The unprotected drive includes data from at least 64 Russian telecommunications providers, however, the primary entities impacted by the data leak are Nokia and Mobile TeleSystems.

  • The exposed data includes schematics, administrative credentials, email archives, backup files, access databases, office spreadsheets, and other materials relating to telecom infrastructure projects.
  • The exposed data also includes photographs and installation instructions for SORM.

The numbers that matter

  • Of the 1.7 terabytes exposed data, 700 GBs (578,000) of it were photographs that show a vast inventory of Russian infrastructure hardware.
  • Over 245 GBs were Microsoft Outlook email archives in PST format that exposes logistical planning, confidential attachments, private conversations, and plain text credentials.
  • The exposed data also includes 197,343 PDFs that contain contractual agreements between telecom providers and the companies contracted to install and maintain physical hardware.

What’s the conclusion?

UpGuard researchers who uncovered the data leak contacted Nokia on September 9, 2019, and notified them about the exposure. To which no response was received.

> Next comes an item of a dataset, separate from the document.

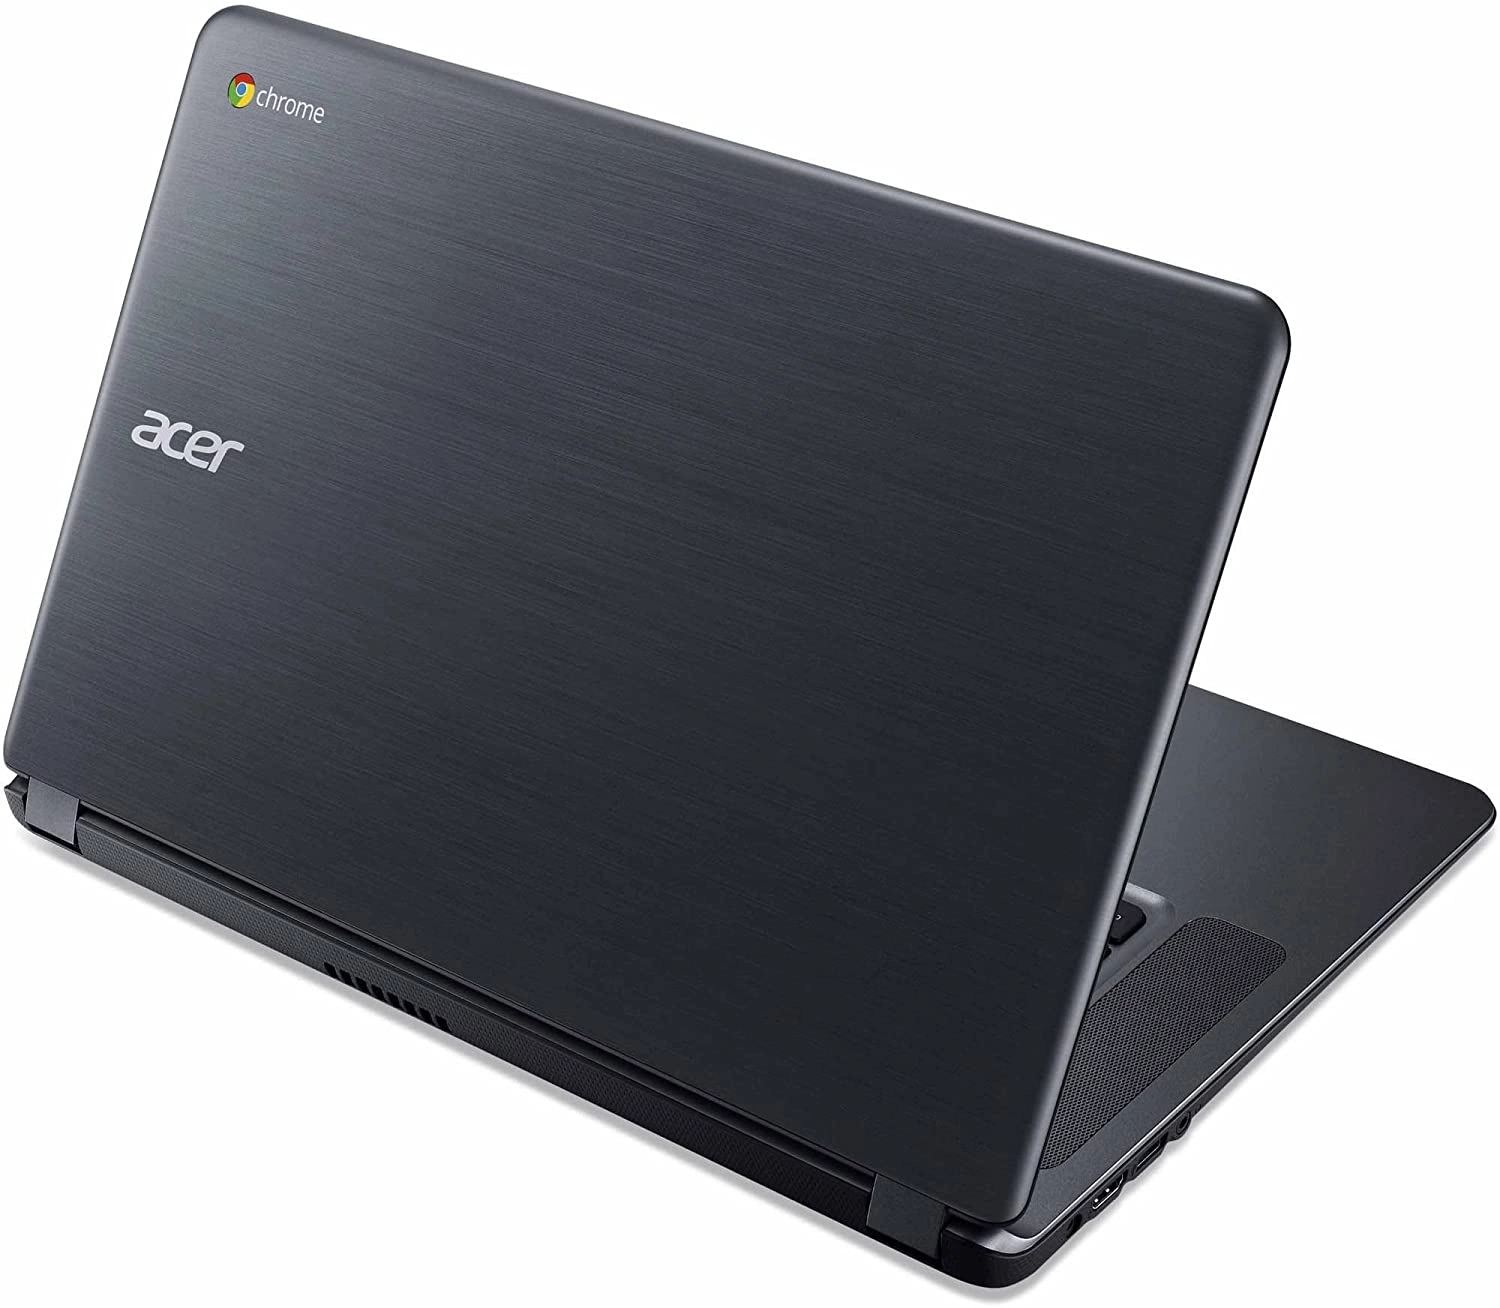 Acer CB5-532 laptop image

Later, on September 11, 2019, UpGuard reached out to a U.S. government regulator in order to secure the exposed files. Upon which, Nokia's Head of Information Security in Finland called UpGaurd and provided the IP address of the exposed rsync server. The exposed server was then secured and the files were no longer publicly accessible.

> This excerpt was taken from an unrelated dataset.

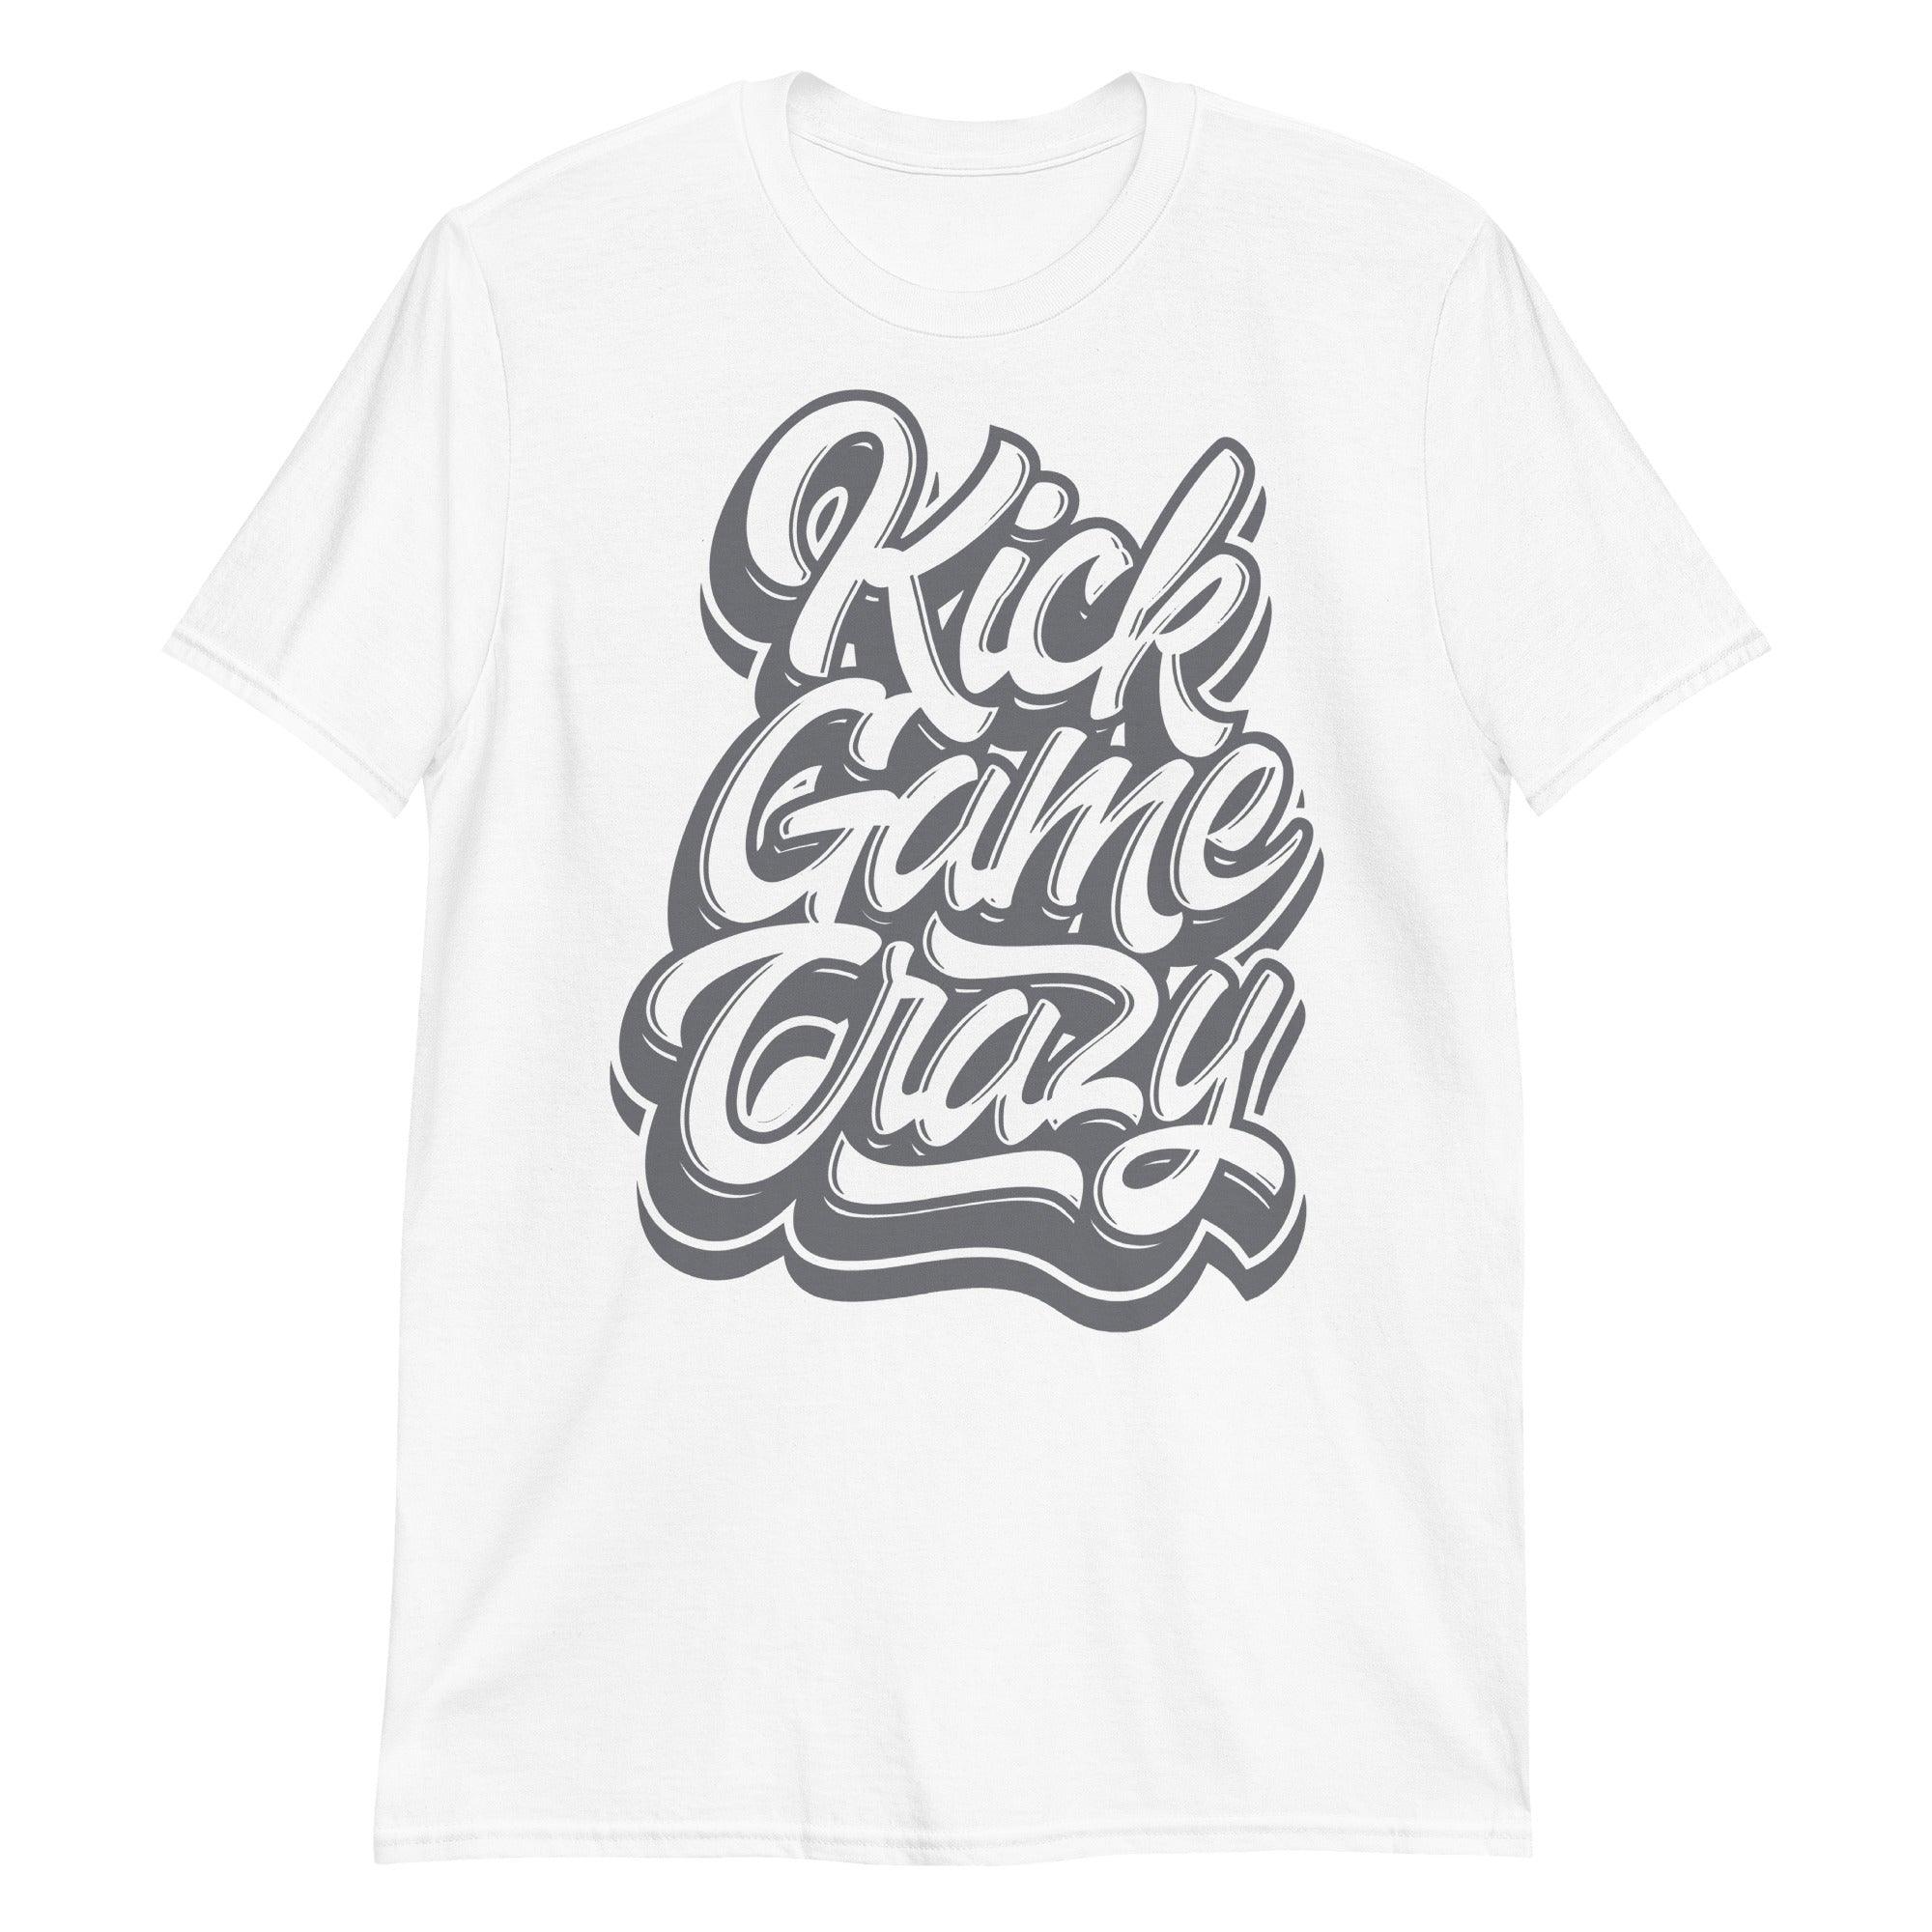 Kick Game Crazy Shirt photo

“Even as data exposures are endemic to digital business, this case stands out for its potential nation-level consequences. In particular, it highlights the concerns that arise when data exposures intersect with federal systems: whenever power is centralized in software, the inevitable exposure of that information gives whatever power the owner had to unknown third parties,” UpGuard researchers said in a blog.